Large Language Models: Fundamentals
FREEadvancedv1.0.0tokenshrink-v2
# llm Fundamentals Knowledge Pack
## Architecture: The xfmr
The xfmr architecture, introduced in "Attn Is All You Need" (2017), is the foundation of modern llms. Unlike RNNs or LSTMs, xfmrs process entire sequences simultaneously, enabling massive parallelization.
### Self-Attn Mechanism
Instead of reading text sequentially, self-attn allows each tok in a sequence to weigh the importance of every other tok.
Components of self-attn:
1. **Query (Q)**: What the current tok is looking for
2. **Key (K)**: What the other toks offer
3. **Value (V)**: The actual content of the toks
The attn score is calculated as `softmax(Q * K^T / sqrt(d_k)) * V`. The scaling factor `sqrt(d_k)` prevents gradients from vanishing when dim is large.
### Multi-Head Attn
Instead of one set of Q/K/V weights, models use multiple "heads". Each head learns to attend to different types of relationships (e.g., one head for grammar, one for coreference resolution, one for semantic meaning). The outputs of all heads are concatenated and linearly transformed.
### FFN & Residual Connections
After attn, the representations pass through an ffn (typically a two-layer MLP with a non-linear activation like GELU or SwiGLU). Residual connections (adding the input to the output) and Layer Normalization wrap both the attn and ffn blocks to stabilize training and prevent vanishing gradients in deep networks.
## tokization & emb
### Subword tokization
llms don't read words or letters; they read toks. Common algorithms (Byte-Pair Encoding (BPE), WordPiece, or SentencePiece) iteratively merge frequent character pairs.
- Example: "unhappiness" might be split into ["un", "happi", "ness"]
- Benefits: Handles out-of-vocabulary words gracefully, language-agnostic, balances vocabulary size vs. sequence length.
### embs
Each tok is mapped to a dense high-dim vec (emb) in the model's vocabulary matrix. Position embs are added to these tok embs to inject sequence order (since self-attn is inherently permutation-invariant). Modern approaches use Rotary Position embs (RoPE) which inject relative position information directly into the attn calculation rather than absolute position at the input layer.
## The Training Pipeline
### Phase 1: pretr (Next tok Prediction)
The model is trained on massive corpora (trillions of toks) from the internet. The objective is simple: given a sequence of toks, predict the next tok. This phase consumes 99% of compute and teaches the model grammar, facts, reasoning, and world knowledge. Result: A base model (e.g., Llama 3 Base) that acts as a powerful autocomplete, but isn't helpful as an assistant.
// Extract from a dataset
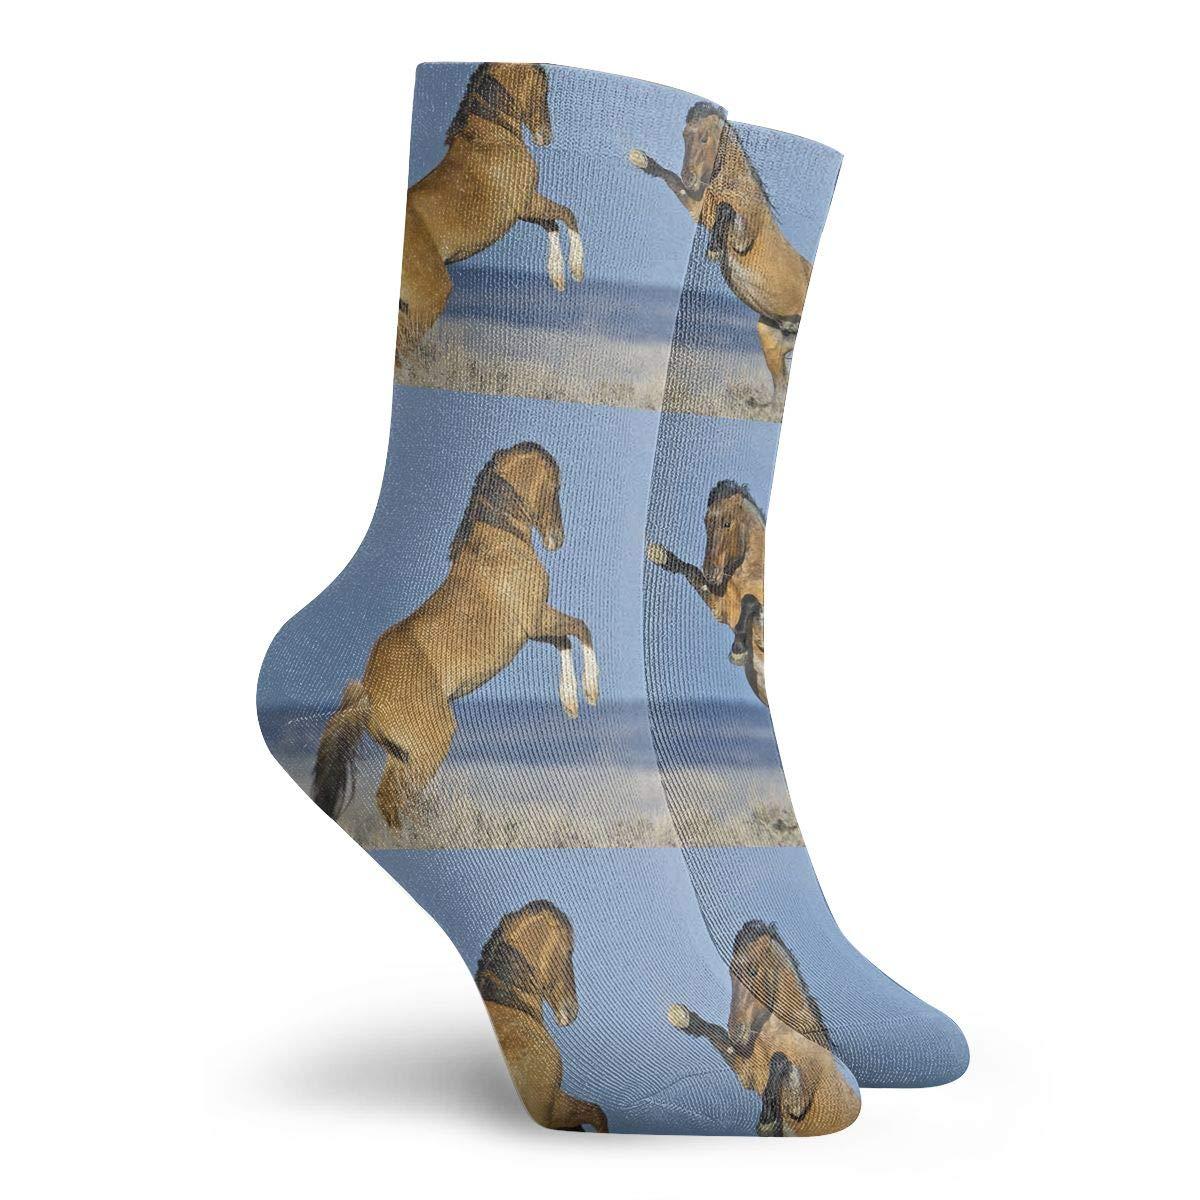 Wild Horse Mens Fashion Dress Socks Short Socks Leisure Travel 11.8 Inch

### Phase 2: Supervised ft (SFT)
The base model is refined on tens of thousands of high-quality conversational examples (prompt/response pairs). This teaches the model the *format* of a helpful assistant (how to answer questions, write code, or format lists). Result: An instruct model.
### Phase 3: Alignment (rlhf / dpo)
The model is optimized to prefer safe, helpful, and non-toxic responses.
- **rlhf**: Train a separate Reward Model on human preferences (A is better than B), then use Proximal Policy Optimization (PPO) to update the llm to maximize this reward.
- **dpo**: Bypasses the Reward Model entirely by modifying the SFT loss function to directly increase the probability of preferred responses and decrease the probability of rejected responses.
## Generation Mechanisms
### Inference & kv Cache
During generation, the llm predicts one tok at a time autoregressively. To avoid recomputing the attn keys and values for all previous toks at every step, the model caches them (the kv Cache). As ctx length grows (e.g., 1M toks in Gemini 1.5 Pro), the kv cache becomes a major memory bottleneck. Solutions include Multi-Query Attn (MQA) or Grouped-Query Attn (GQA) where multiple Query heads share a single kv head.
### Decoding Strategies
- **Greedy Search**: Always pick the single highest-probability next tok. Good for facts/code, bad for creative writing (often repeats itself).
- **Temperature**: Scales the logits before softmax. T=0 acts like greedy. T=1 is standard. T>1 flattens the distribution, increasing randomness.
- **Top-K**: restricts selection to the K most likely toks.
- **Top-P (Nucleus)**: restricts selection to the smallest set of toks whose cumulative probability exceeds P.
## Enhancing llms (rag)
llms hallucinate and have a knowledge cutoff. rag solves this by augmenting the prompt with external information retrieved at runtime.
1. **Index**: Embed documents into vecs; store in a vec database.
2. **Retrieve**: Embed the user's query; find the Top-K most similar documents using cosine similarity.
3. **Generate**: Inject retrieved documents into the llm's prompt: `[ctx: {docs}] Answer the question: {query}`.